Début février, le ministère du Travail, de l’emploi et de l’insertion a publié cinq pages d’infographie présentant les chiffres de l’apprentissage en 2020. Ces infographies (évolution du nombre de contrats, répartition par région, niveaux de qualification, secteurs économiques et engagement des différentes entreprises en fonction de leur taille) expriment le nombre de contrats exécutés en 2020 dans le secteur privé. Elles se fondent sur des chiffres arrêtés au 31 décembre 2020, issus d’une remontée déclarative des opérateurs de compétences (OPCO) de janvier 2021.

Les principales informations qui s’en dégagent

495 000 contrats ont été signés dans le secteur privé, contre 353 421 en 2019. Si l’on ajoute à ce chiffre les contrats signés dans le secteur public, la barre symbolique des 500 000 contrats est atteinte.

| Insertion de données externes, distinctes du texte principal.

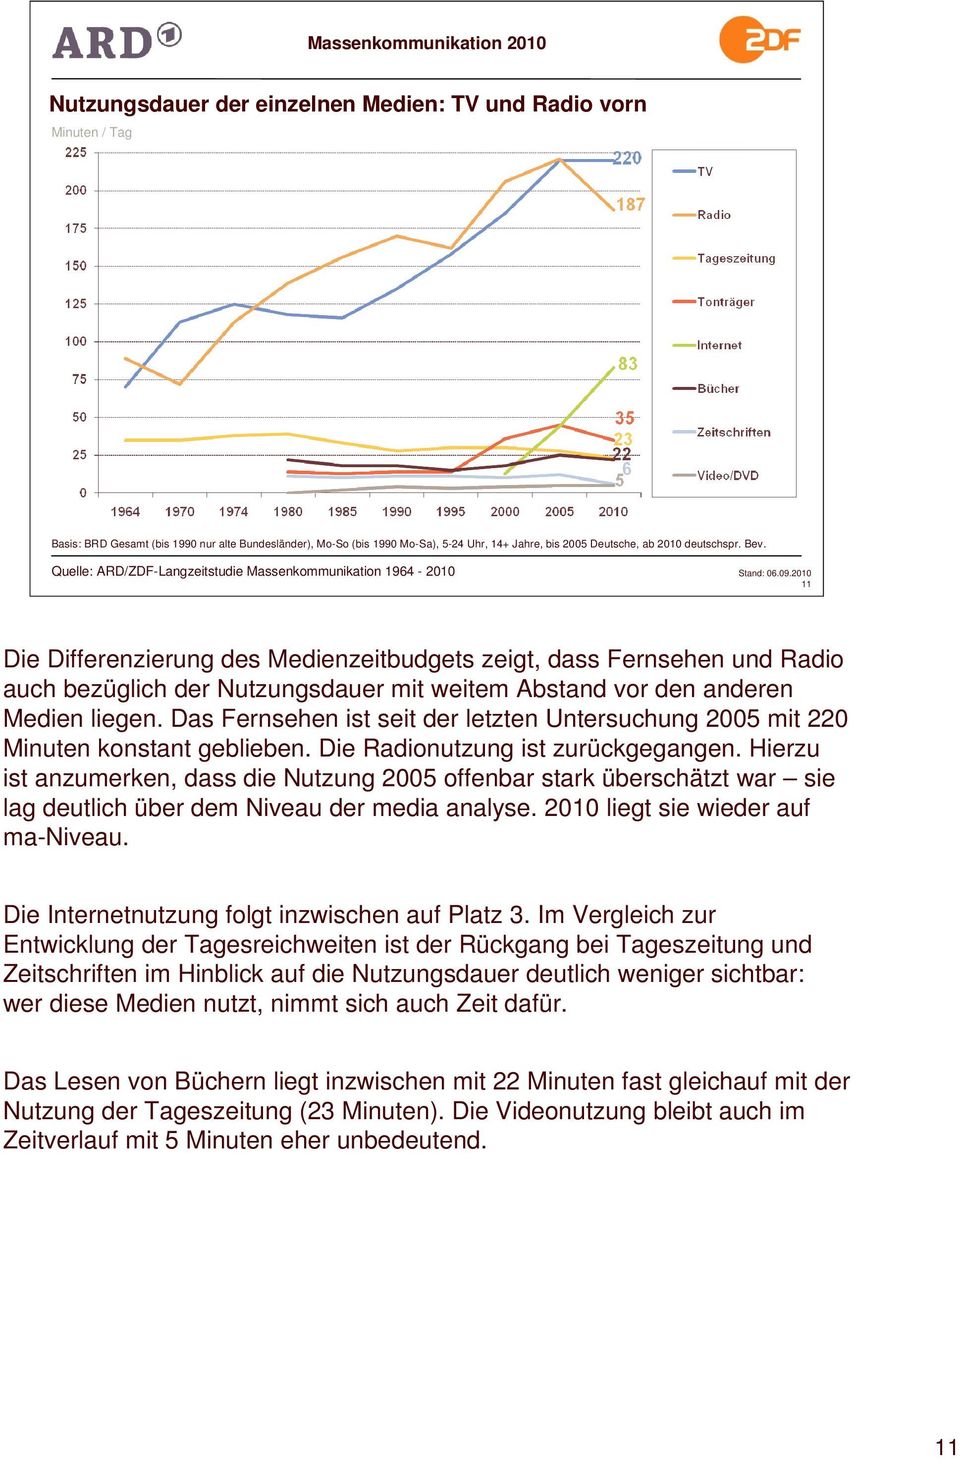 Quelle: ARD/ZDF-Langzeitstudie Massenkommunikation 1964-2010 11 Die Differenzierung des Medienzeitbudgets zeigt, dass Fernsehen und Radio auch bezüglich der Nutzungsdauer mit weitem Abstand vor den

Pour le ministère du Travail, cette forte croissance s’explique tant par les effets de la réforme de l’alternance de 2018 que par la mise en place des aides à l’embauche d’alternants dans le cadre du plan « un jeune, une solution ». Pour rappel, cette aide consiste en une prime aux entreprises d’un montant de 5 000 € pour l’embauche (jusqu’au 31 mars et reconduite jusqu’en fin d’année) d’un apprenti mineur ou de 8 000 € pour l’embauche d’un apprenti majeur.

La croissance de l’apprentissage s’est faite de manière homogène sur l’ensemble des territoires (hors territoires de Mayotte et de la Martinique, pour lesquels les données n’ont pas été communiquées). 108 055 contrats ont ainsi été conclus en Île‐de‐France, 59 749 sur la région Auvergne‐Rhône‐Alpes, 41 484 en Nouvelle Aquitaine, 35 036 dans les Hauts‐de‐France…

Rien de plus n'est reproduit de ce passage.